**What you are asked to do:** Could you print the listing again exactly, omitting the pictures?

**Given information:**
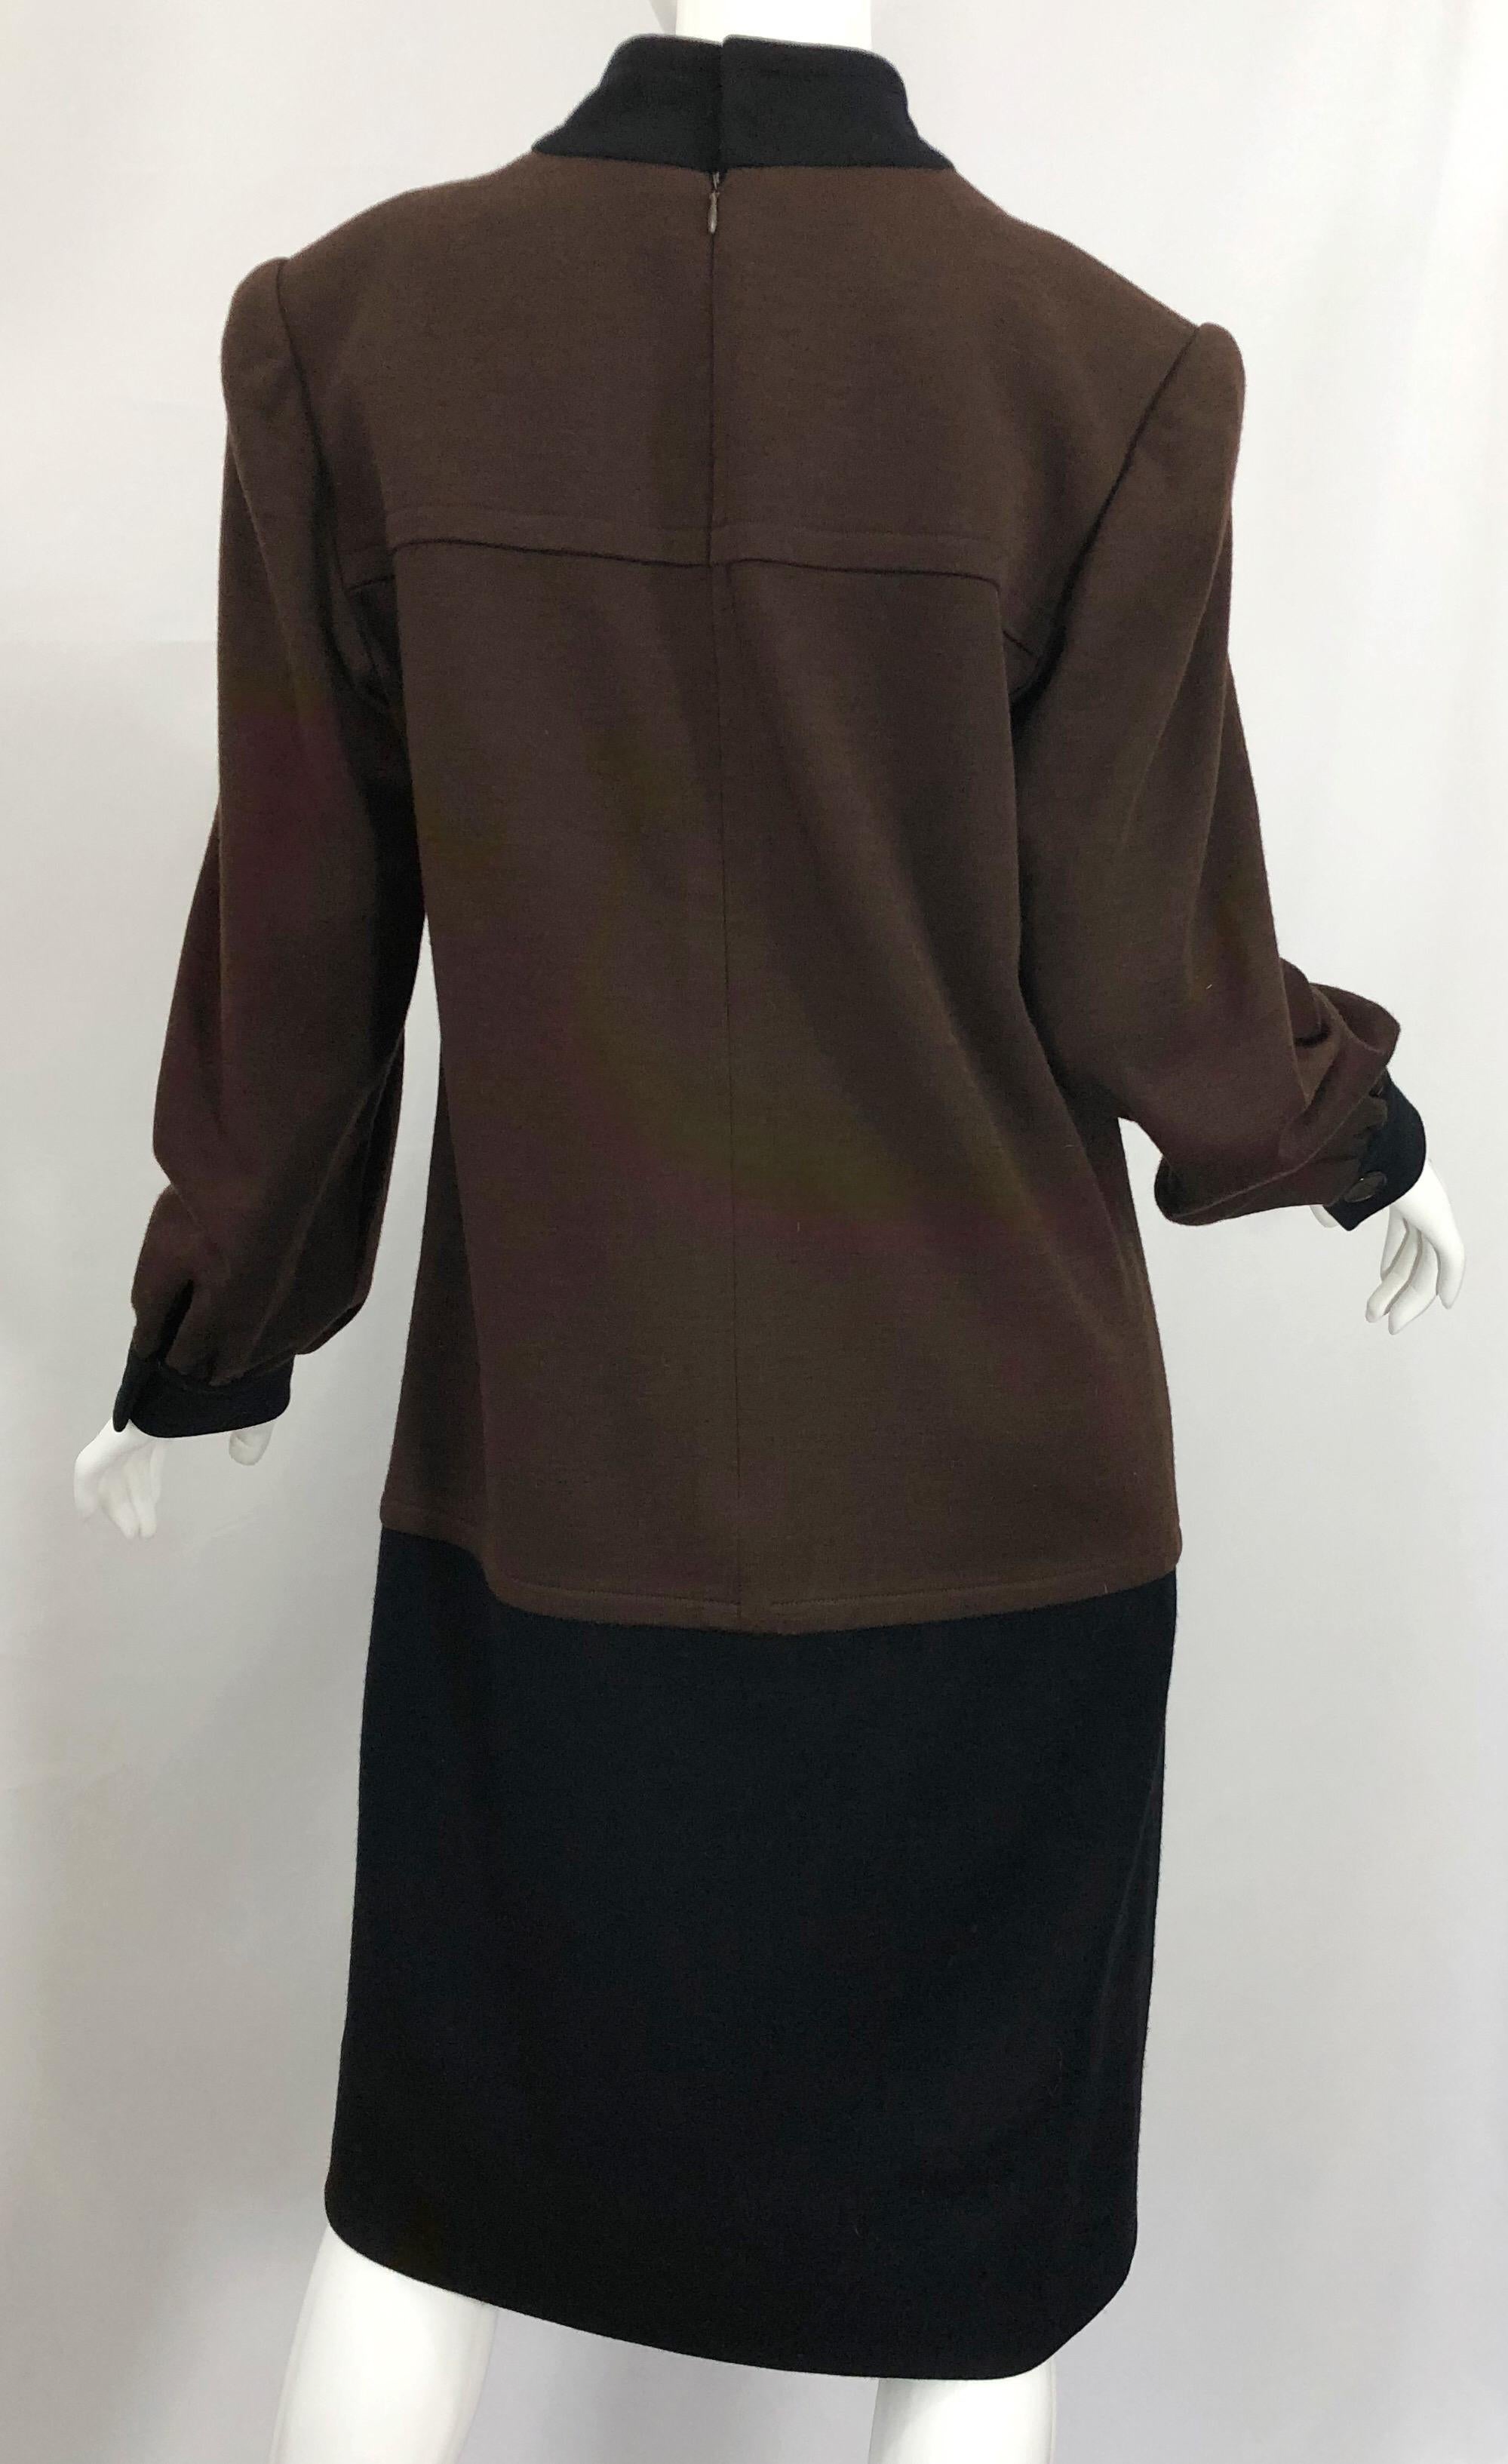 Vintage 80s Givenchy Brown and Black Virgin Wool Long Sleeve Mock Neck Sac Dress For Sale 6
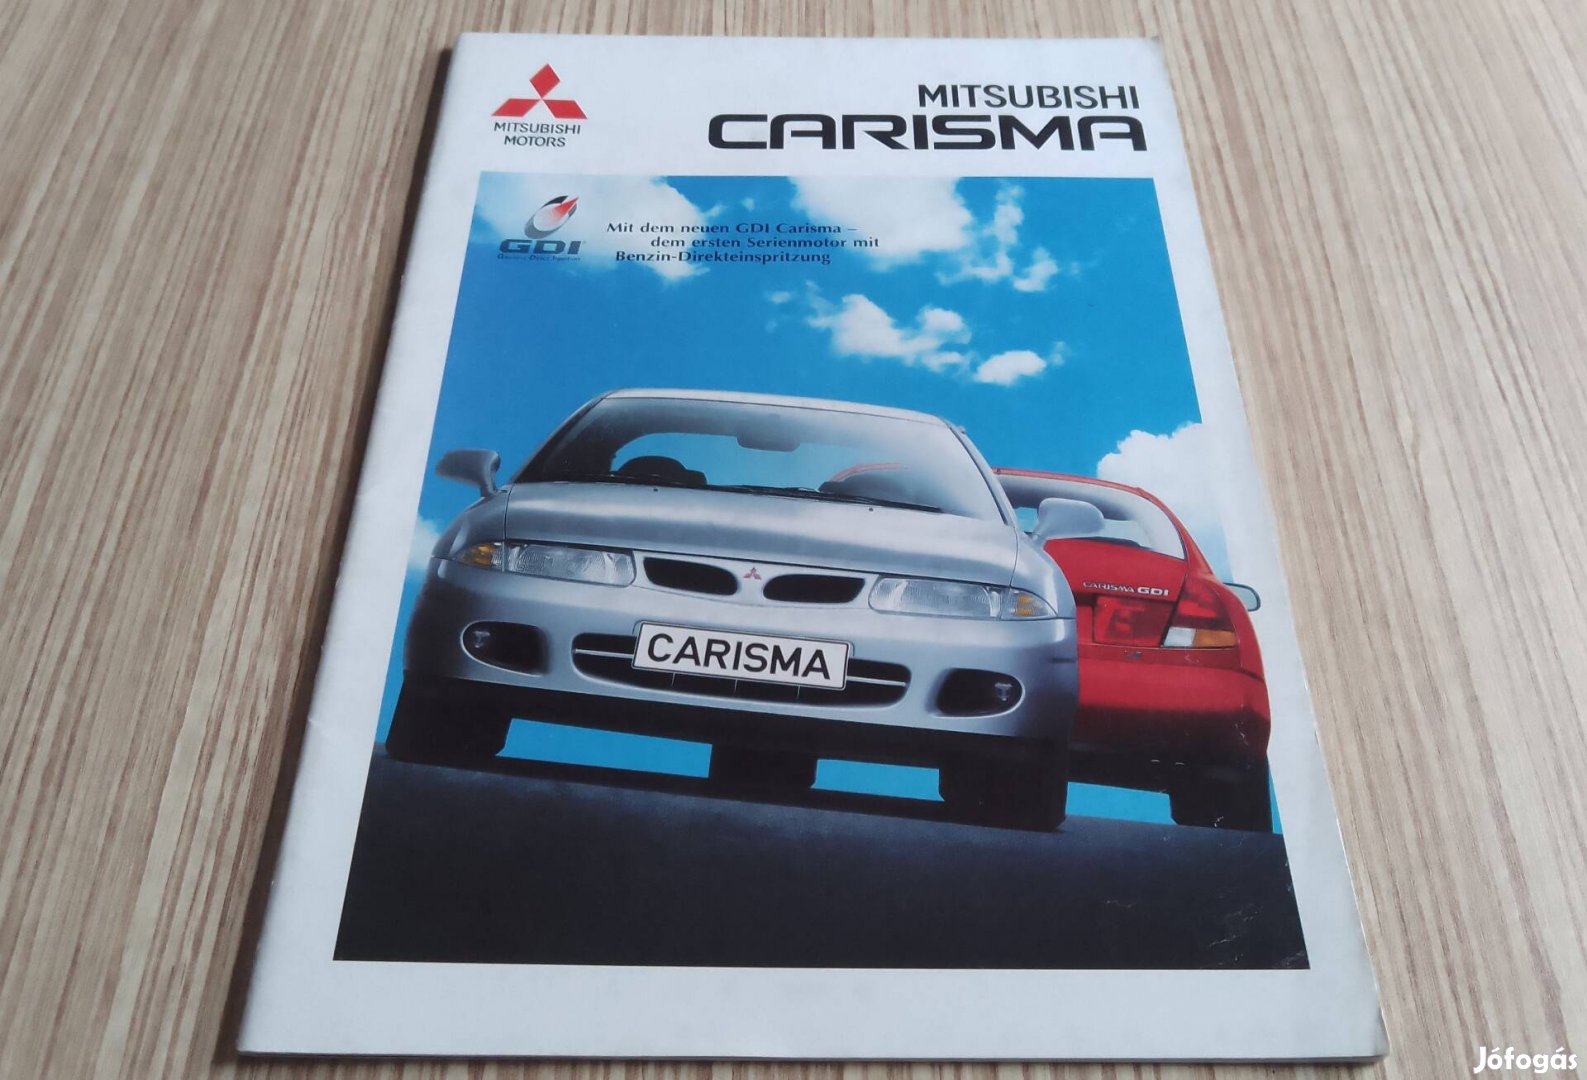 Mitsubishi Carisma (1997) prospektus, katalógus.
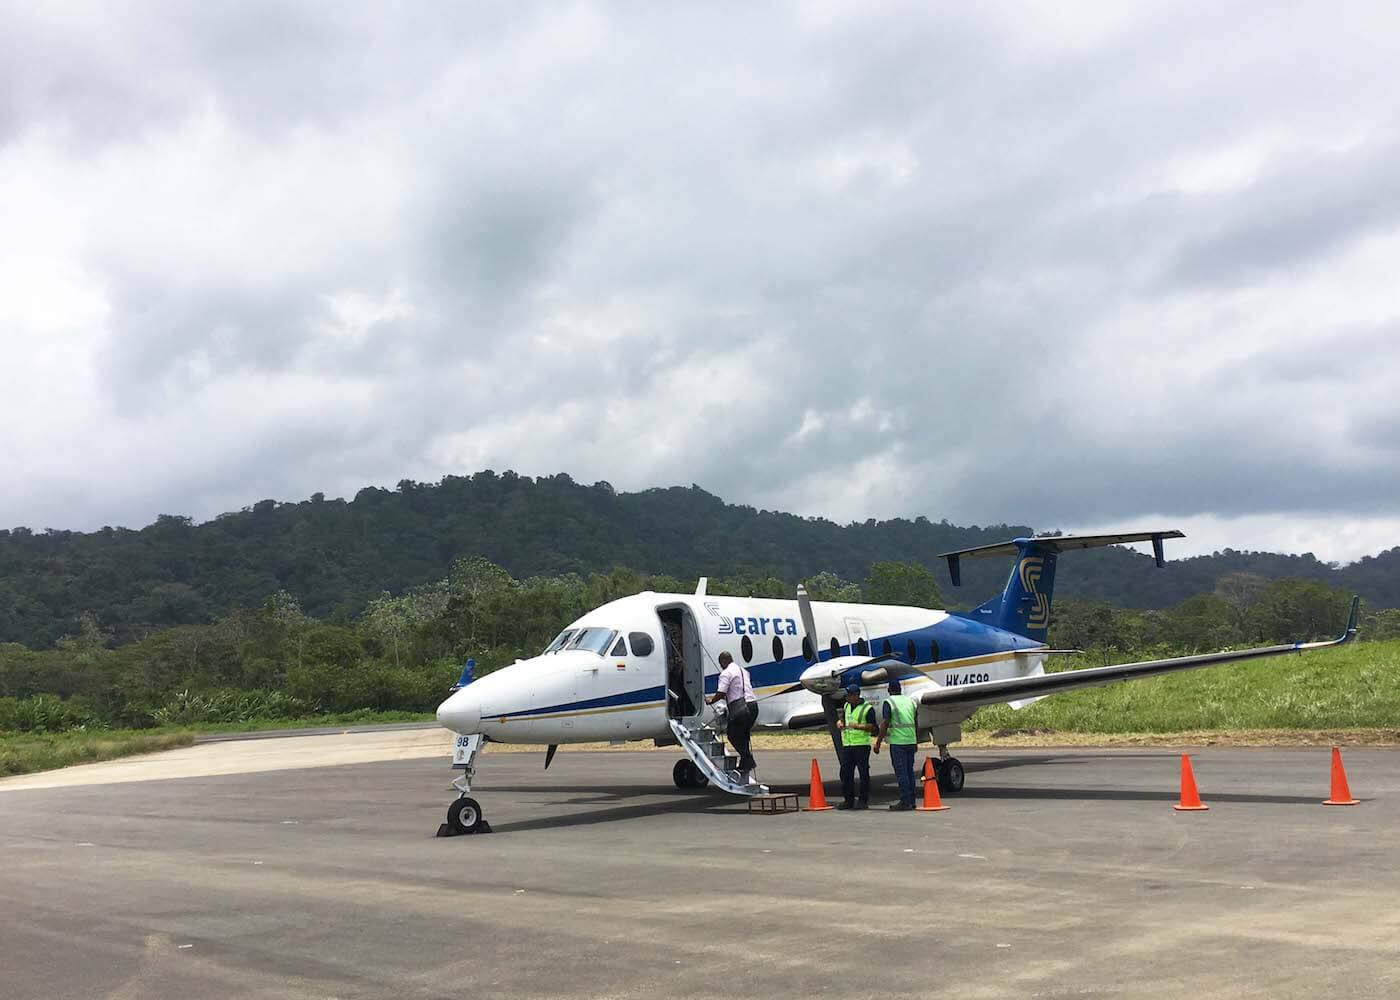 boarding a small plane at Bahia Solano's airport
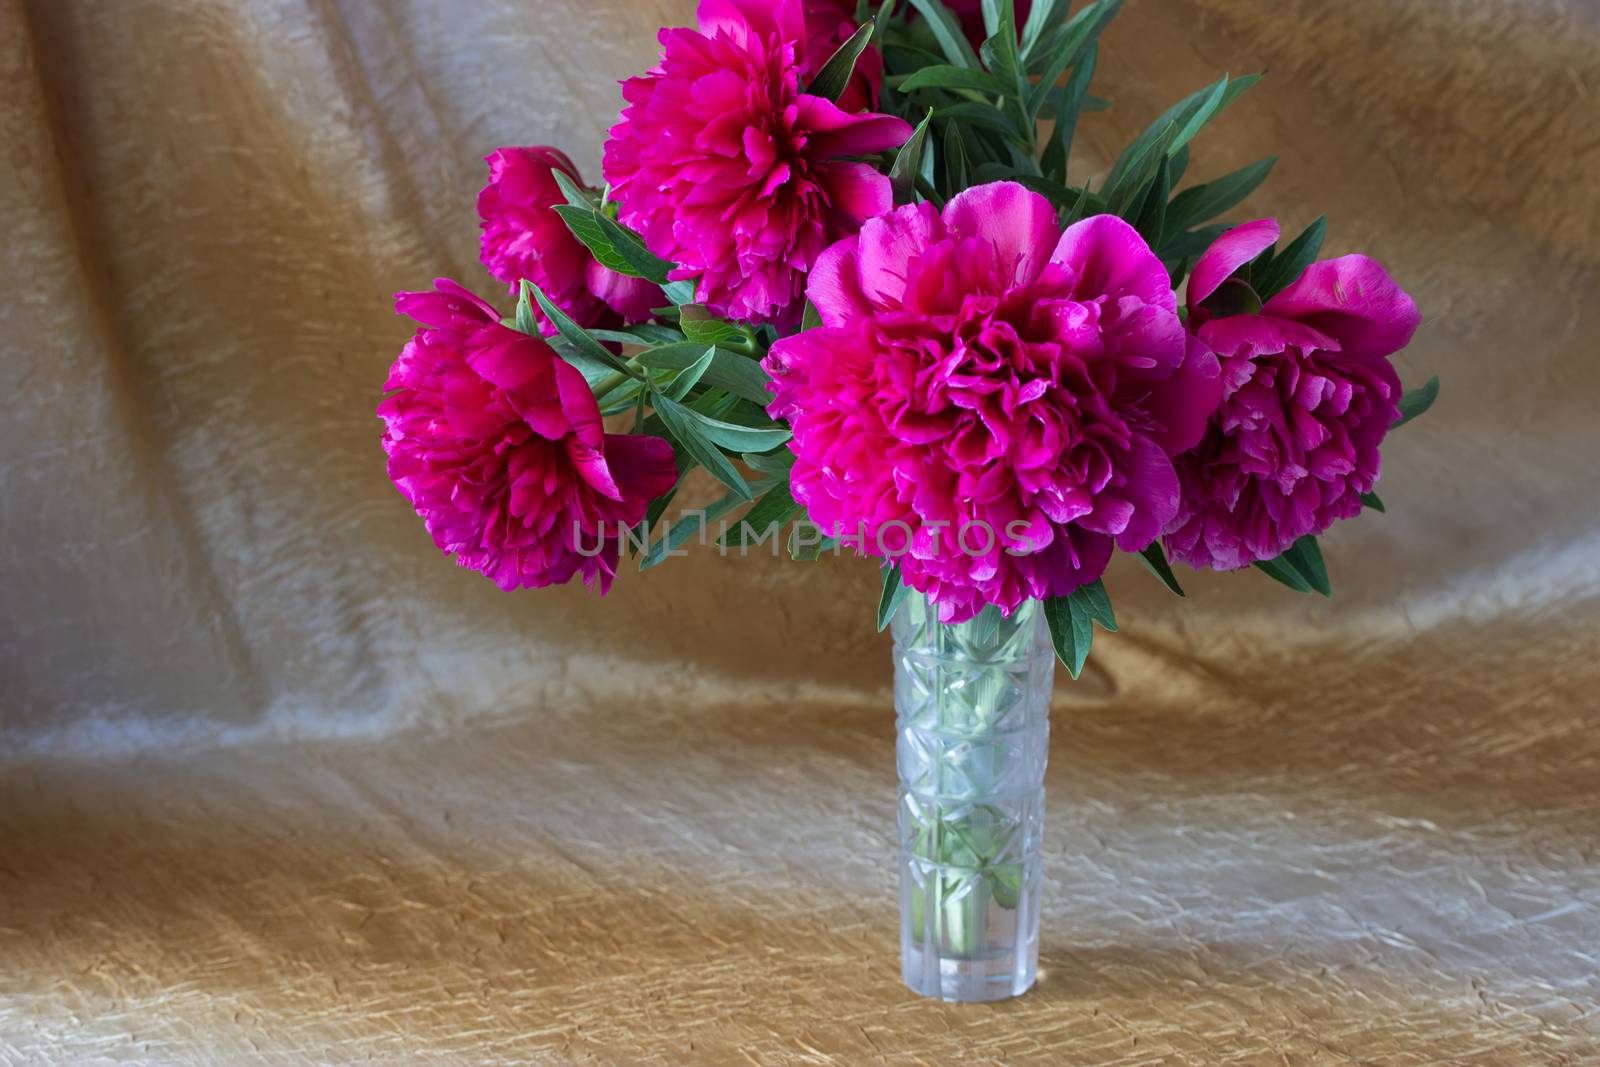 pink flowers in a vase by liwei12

**Response for this exercise:**
 Vintage 80s Givenchy Brown and Black Virgin Wool Long Sleeve Mock Neck Sac Dress For Sale 6
 Mitsubishi Carisma (1997) prospektus, katalógus.
 boarding a small plane at Bahia Solano's airport
 pink flowers in a vase by liwei12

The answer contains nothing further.